*ABOUT THIS TASK*
Leaving the pictures aside, reproduce the data in full and word for word.

*DATA BLOCK*
►

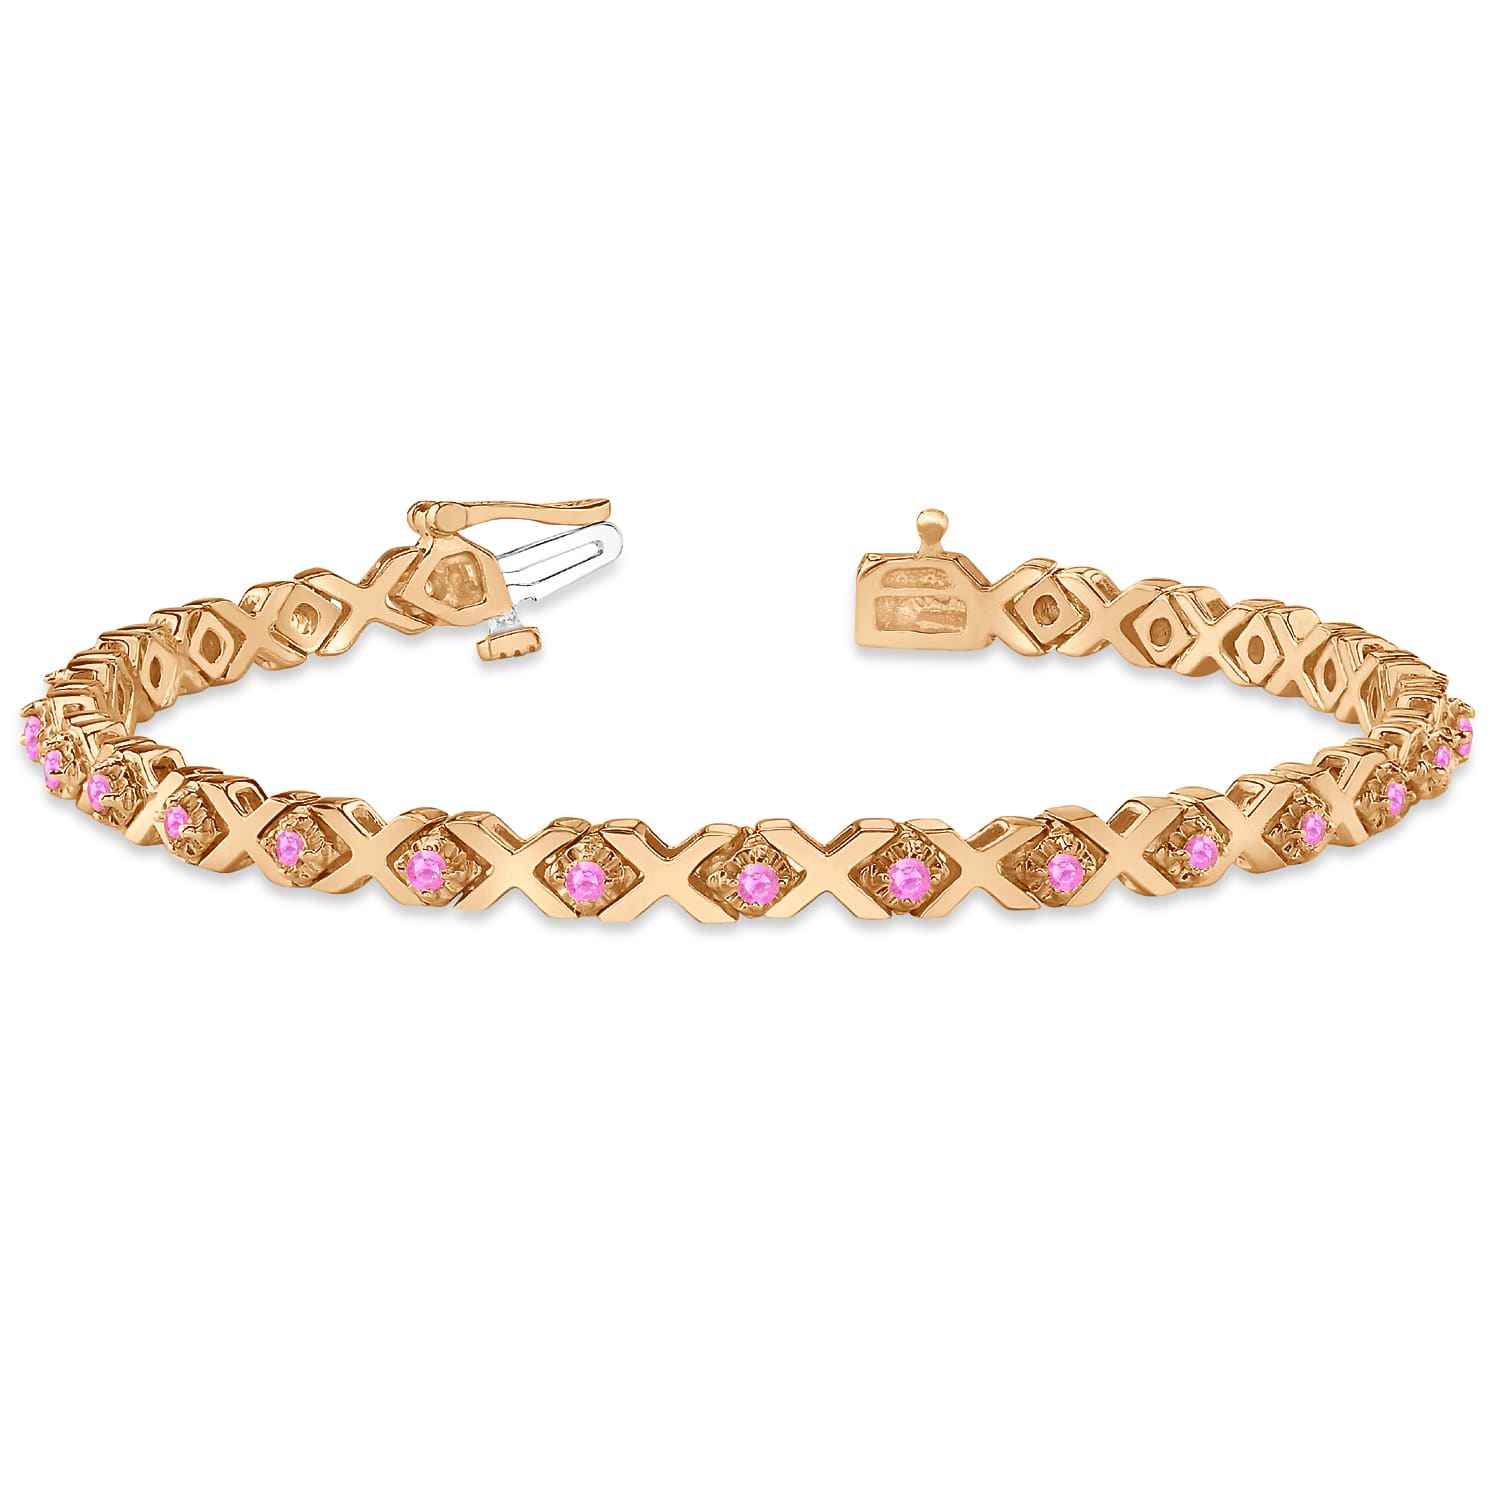 Pink Sapphire XOXO Chained Line Bracelet 14k Rose Gold (1.50ct)
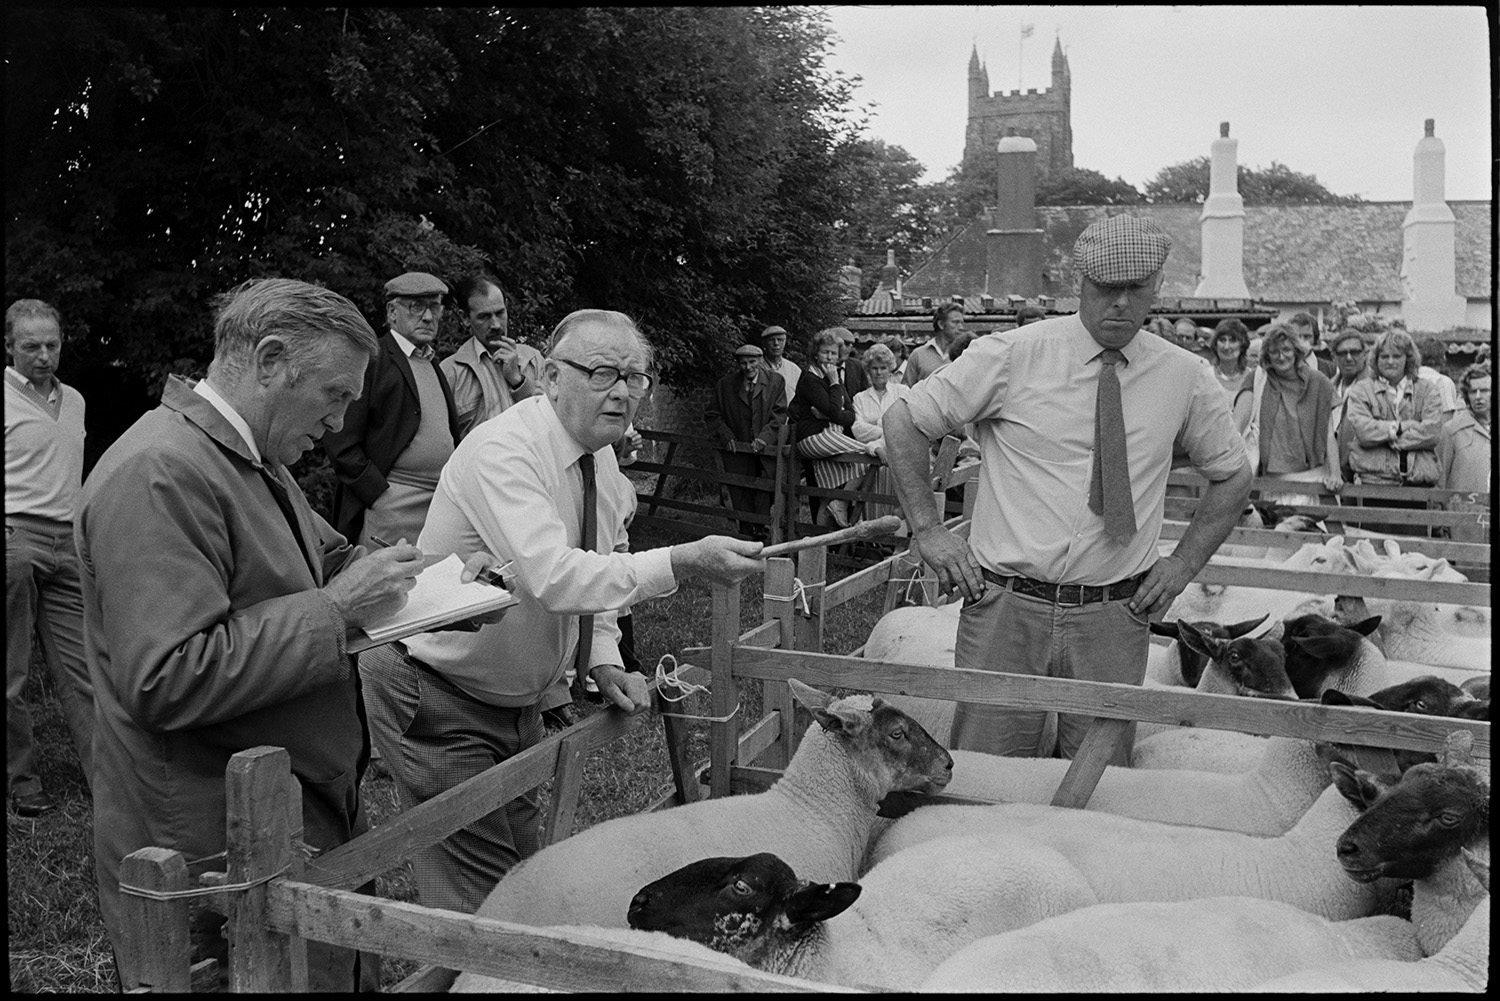 Sheep sale at fair, onlookers and vicar chatting to crowd.
[Men and women gathered around pens of sheep watching an auctioneer and his clerk at a sheep sale at Chulmleigh Fair. Chulmleigh Church tower is visible in the background.]
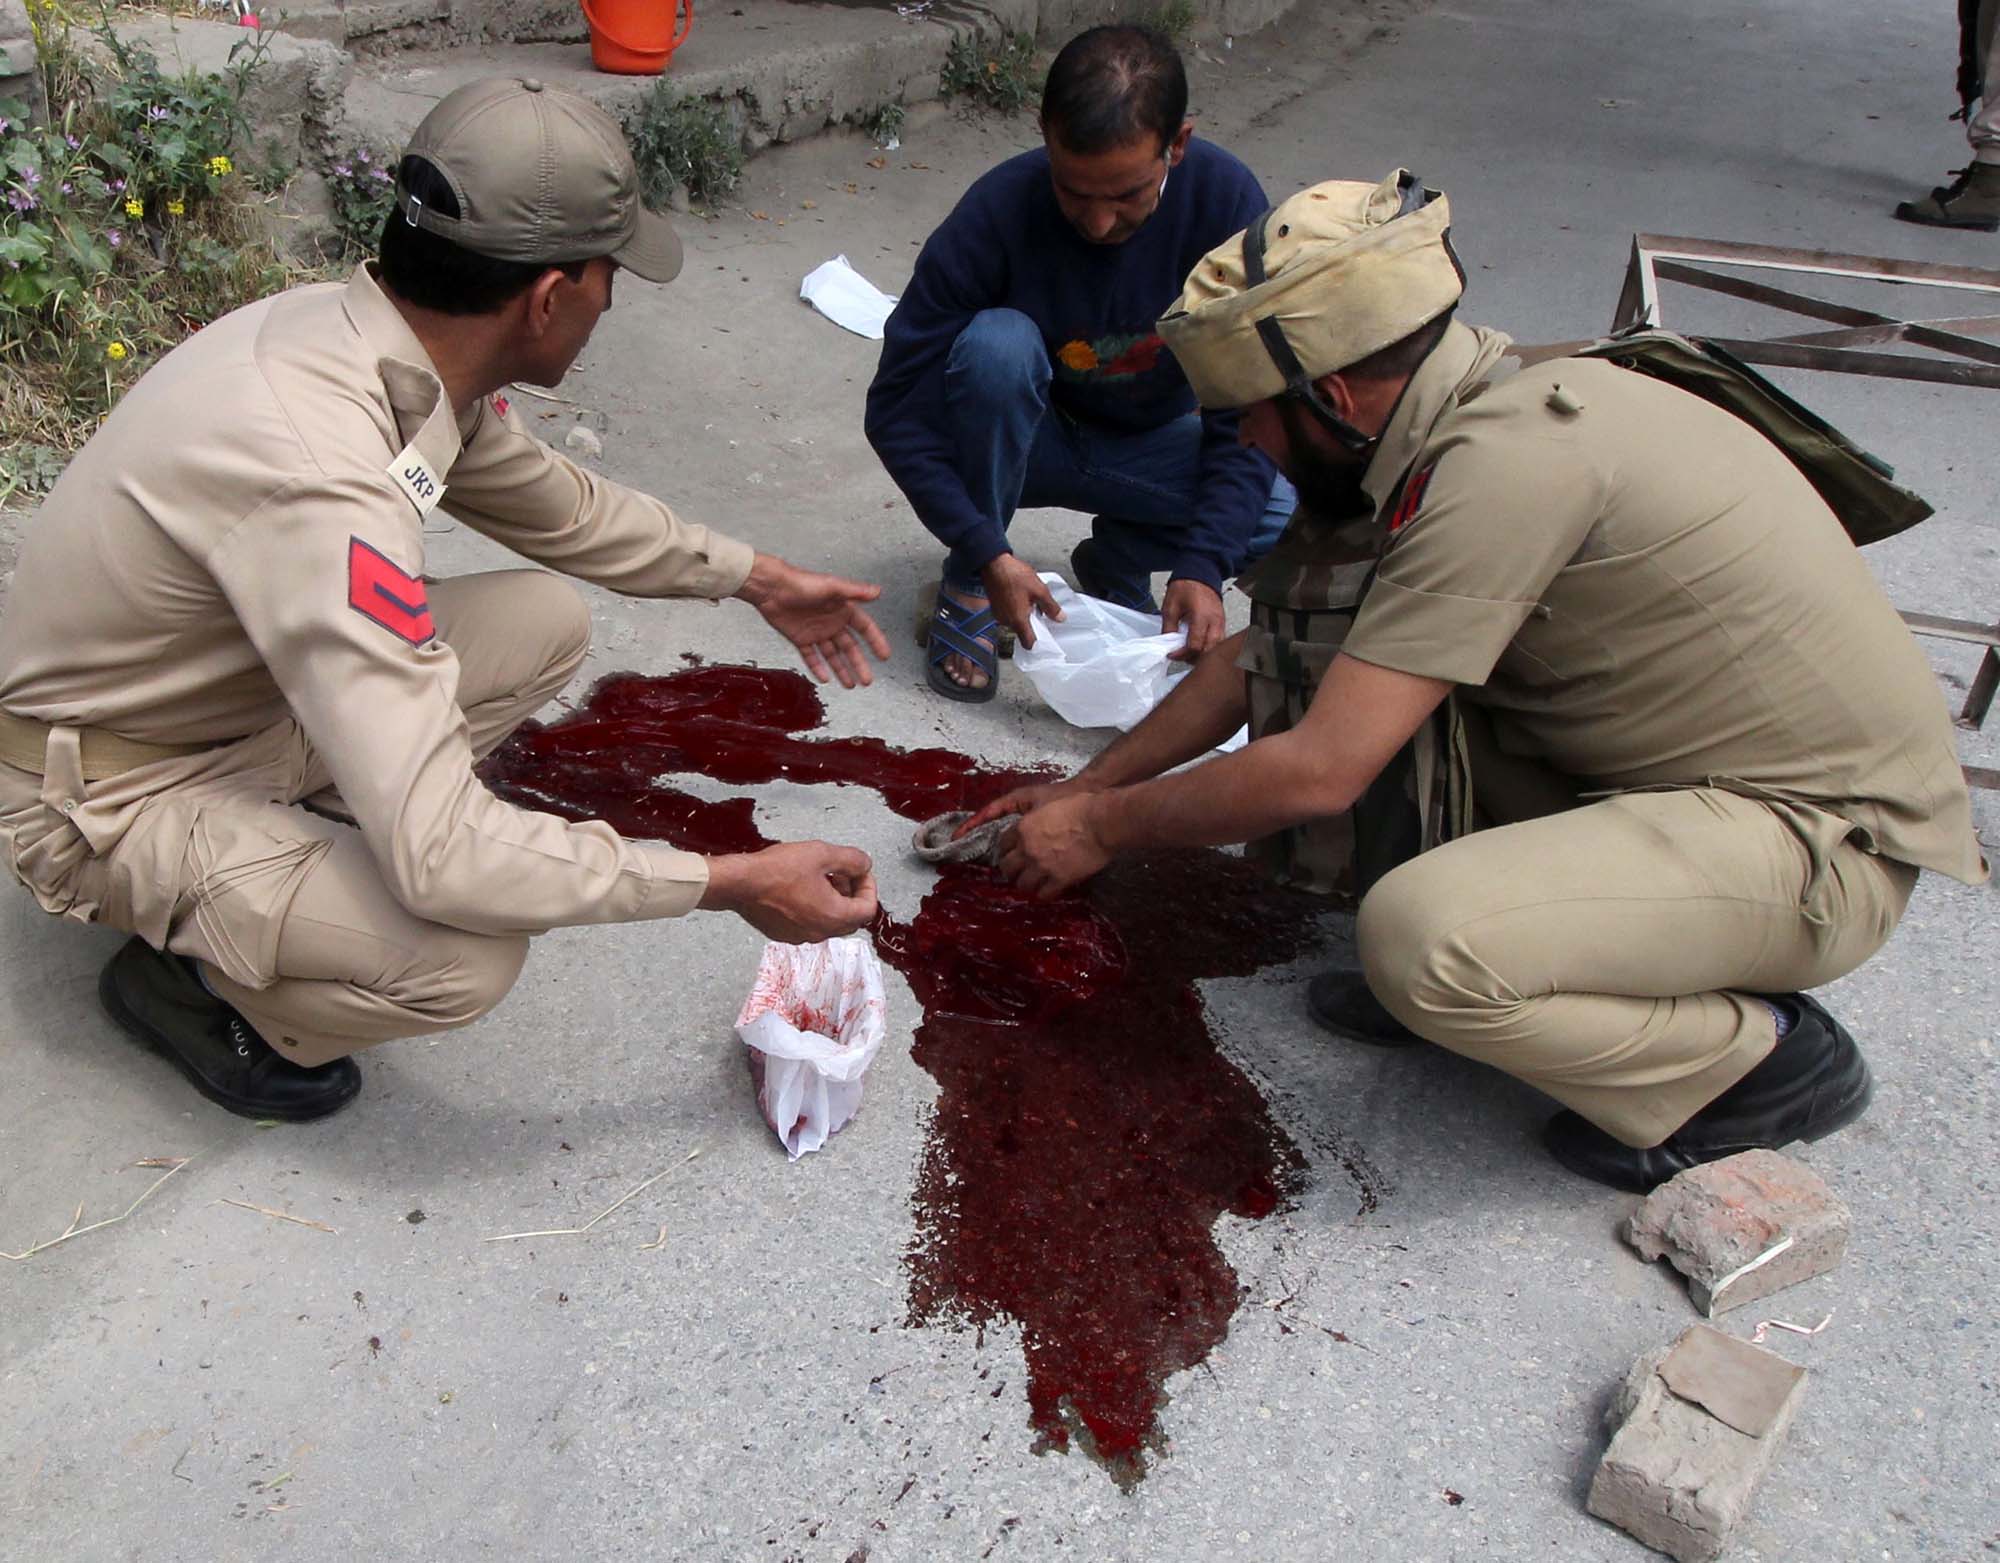 policemen wash the blood of their colleagues in Zadibal area of Srinagar on May 23, 2016. Two policemen were shot dead by suspected militants early morning in Srinagar. PHOTO BY BILAL BAHADUR

◄

*YOUR SOLUTION*
 Pink Sapphire XOXO Chained Line Bracelet 14k Rose Gold (1.50ct)
 Sheep sale at fair, onlookers and vicar chatting to crowd.
[Men and women gathered around pens of sheep watching an auctioneer and his clerk at a sheep sale at Chulmleigh Fair. Chulmleigh Church tower is visible in the background.]
 policemen wash the blood of their colleagues in Zadibal area of Srinagar on May 23, 2016. Two policemen were shot dead by suspected militants early morning in Srinagar. PHOTO BY BILAL BAHADUR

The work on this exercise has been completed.